With the format "%d" you are just saying read an integer. The format doesn't say "read an integer and only an integer". To do that you would need to also exclude everything else and if I'm not mistaken it would be something like this "%d[^0-9]*" (I haven't tested it to see if I'm right). That's why the user input 4.5 is accepted by scanf. Note that scanf is not doing it incorrectly, you are specifying it incorrectly, because you assume, that "%d" means "and integer and integer only".

As you can see, it is pretty hard to come up with a format that catches everything and also tells you when the user made an error. User input aka what the user enters is random and can contain (unintentionally) errors, miss the format, etc. So you end up with very complex formats to just determine if the user added a dot at the end and fail if the user does that.

That's why my advice is to read the while input via fgets and then use something better to parse the input like strtol or even sscanf if you have a good format.

Here an example for the usage of strtol:

#include <stdio.h>
#include <stdlib.h>

int main(void) {
    const char *entries[] = { "4.5", "4", "some random text" };
    char *ptr;

    int i;
    for(i = 0; i < sizeof entries / sizeof *entries; ++i)
    {
        long int res = strtol(entries[i], &ptr, 0);

        if(*ptr != '\0') {
            printf("The input '%s' is not an integer.
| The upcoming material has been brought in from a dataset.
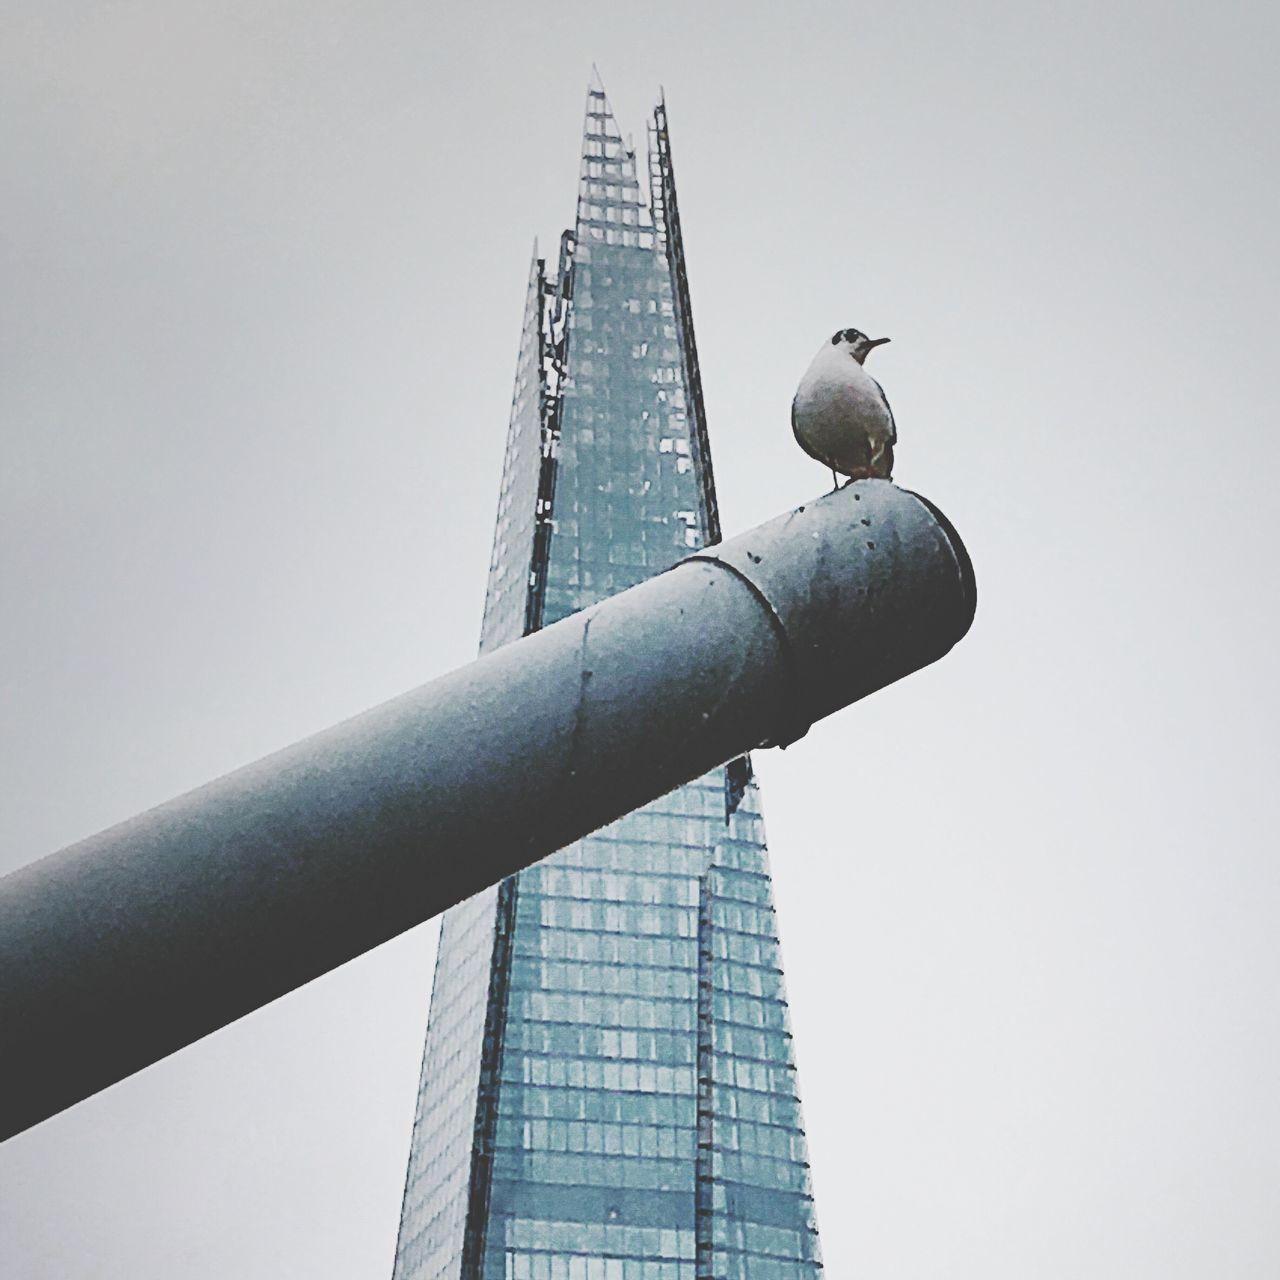 Past, present, peace. Tower Building Exterior City First Eyeem Photo The Architect - 2017 EyeEm Awards EyeEmNewHere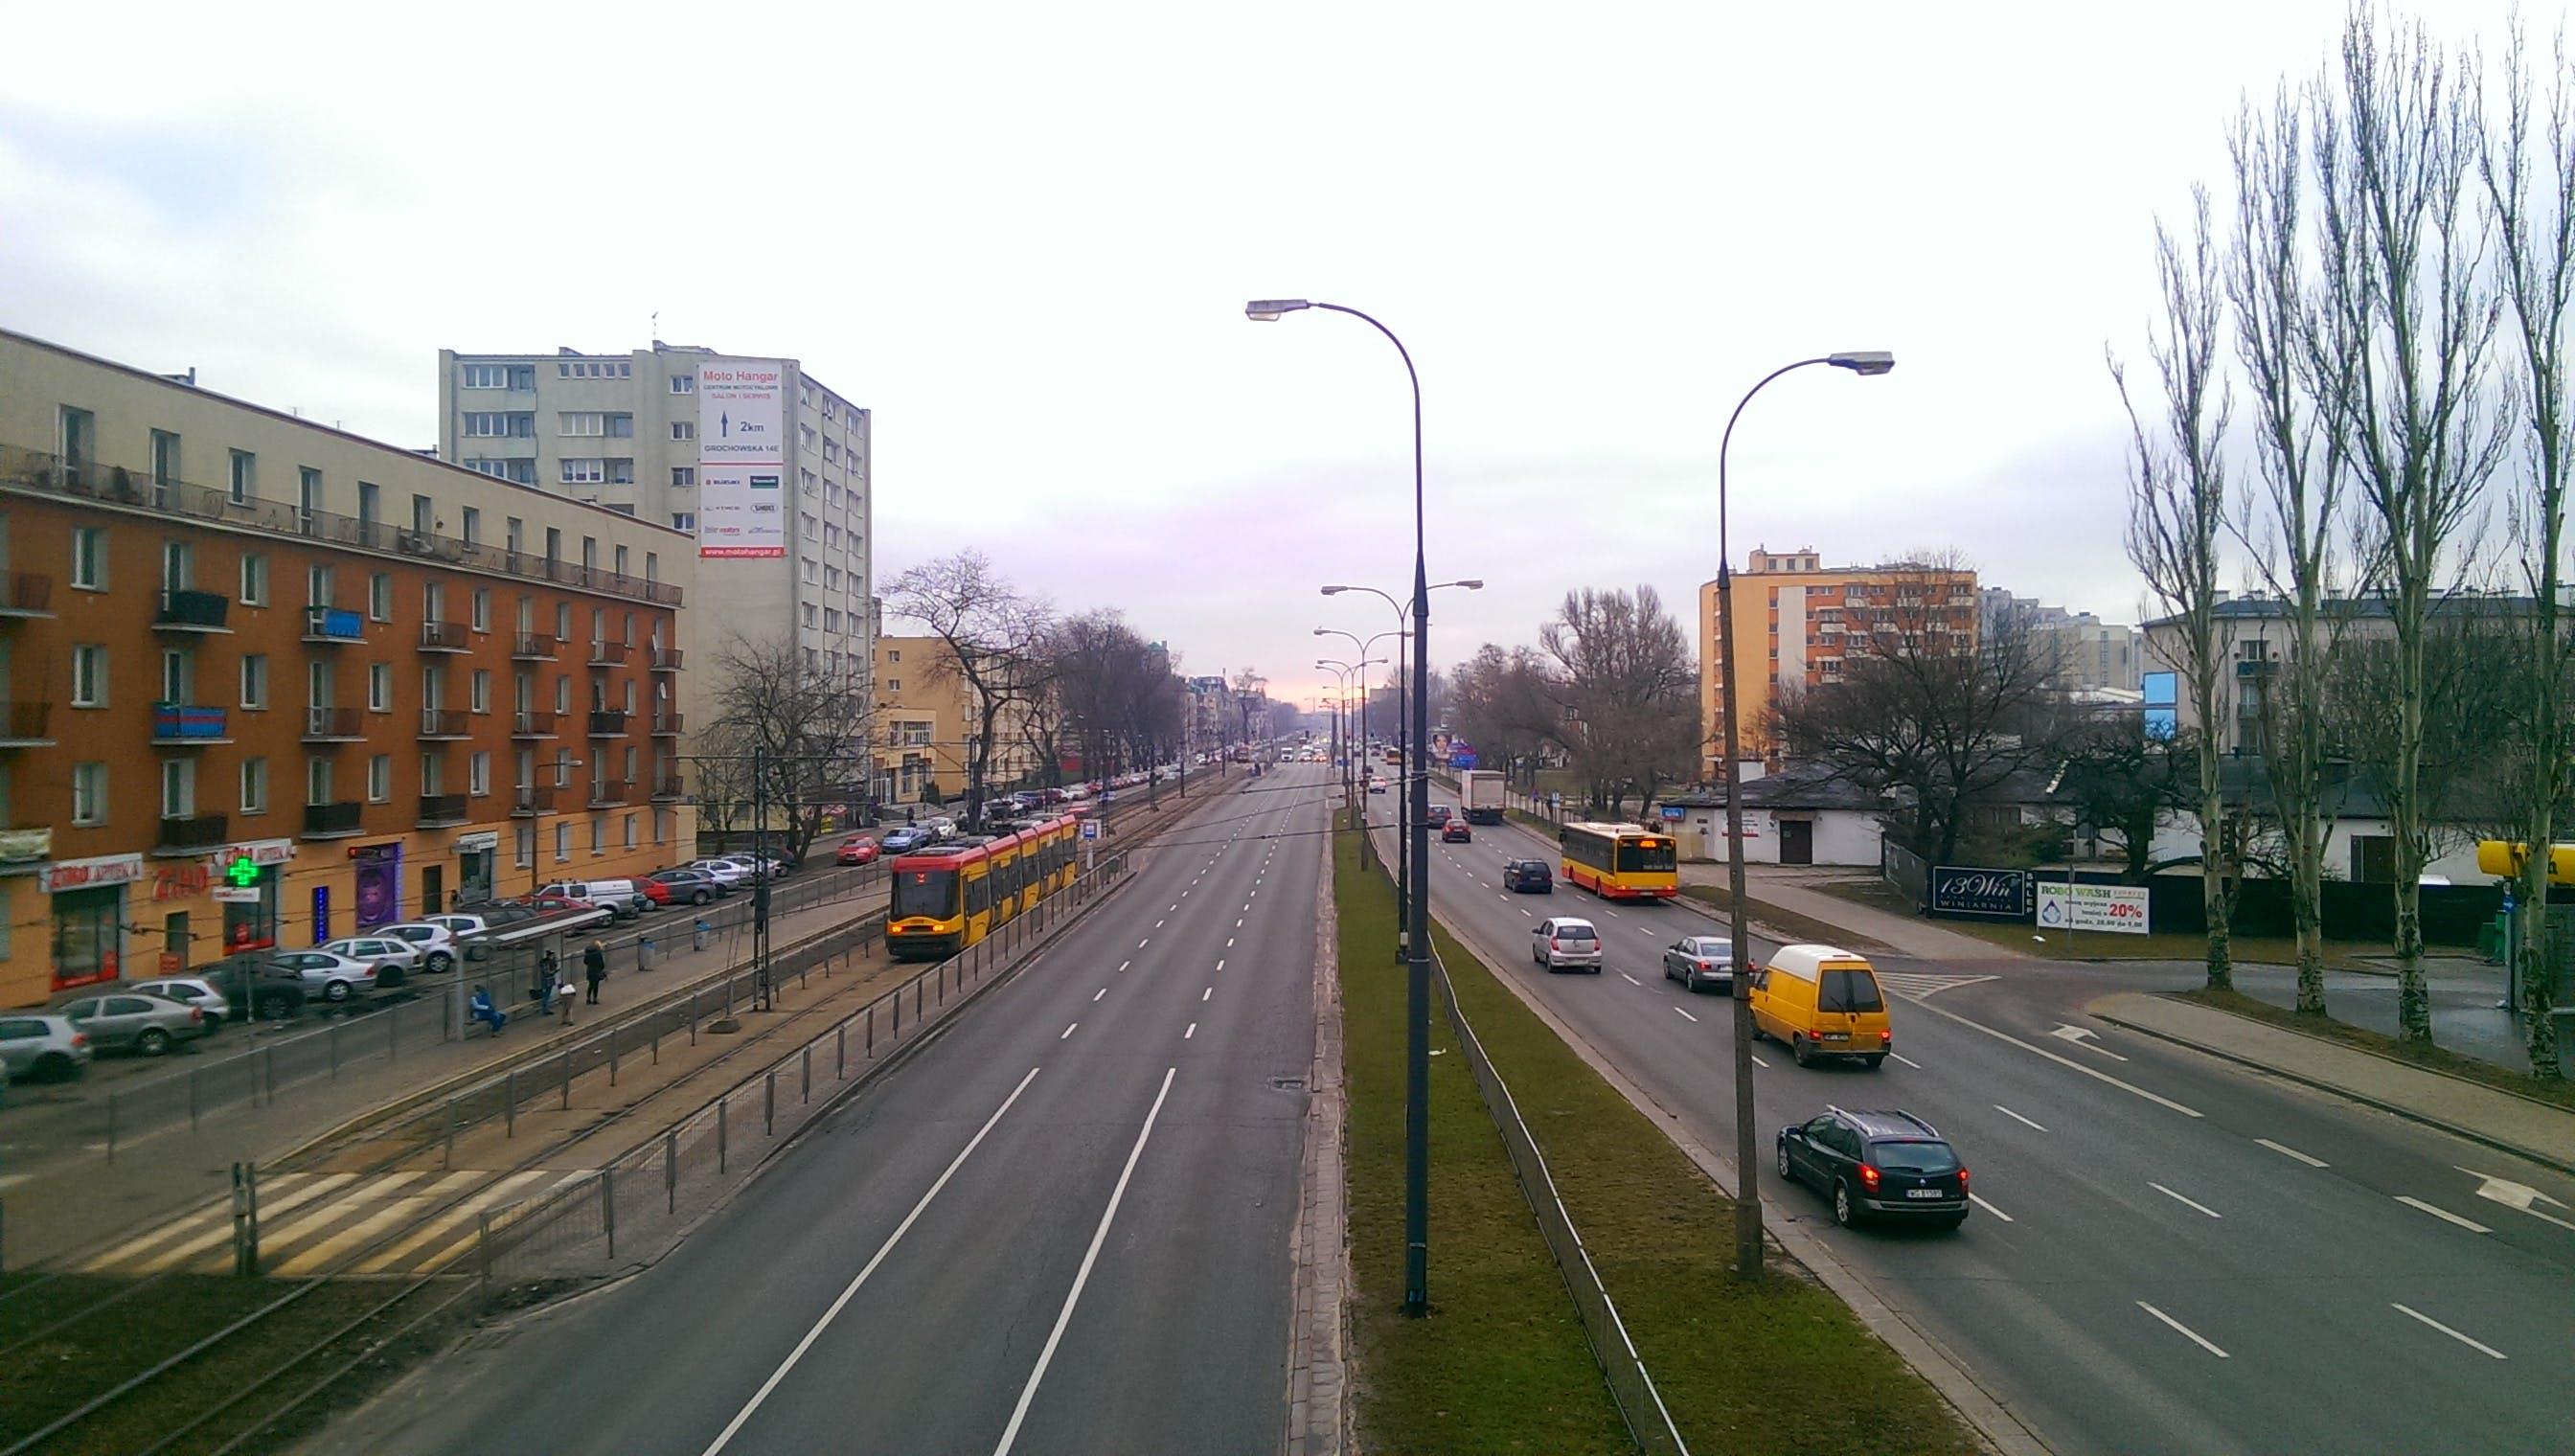 Free stock photo of street, lamps, tram

The non-integer is '%s'\n", entries[i], ptr);
        } else {
            printf("The input '%s' is an integer: %ld\n", entries[i], res);
        }
    }

    return 0;
}

which returns

The input '4.5' is not an integer. The non-integer is '.5'
The input '4' is an integer: 4
The input 'some random text' is not an integer. The non-integer is 'some random text'

This is a more precise way to check if the whole input is an integer or not.

Answer 5

Scanf returns 1 instead of 0 when an error occurs

An error did not occur in input. The first character "4" converts nicely to a 4. Code needs to examine the rest of the line.

I am forced to use scanf in collage

Such coding constraints are unfortunate. fgets()/strtol() would be better.

how could I detect if it's integer or not in simple fast way without destroying my whole code in c?

Scan for the integer and look for trailing junk.

char endchar;  
int cnt = scanf("%d%c",&x, &endchar);
if (cnt == EOF) puts("End-of-file occurred");
else if (cnt == 1 || (cnt == 2 && endchar == '\n')) printf("Success %d\n", x);
else puts("Non-integer input");

When data is non-integer input, some offending characters may remain in stdin. As this task is only to read one int, that is OK.

Production code would more likely read a line and then parse it.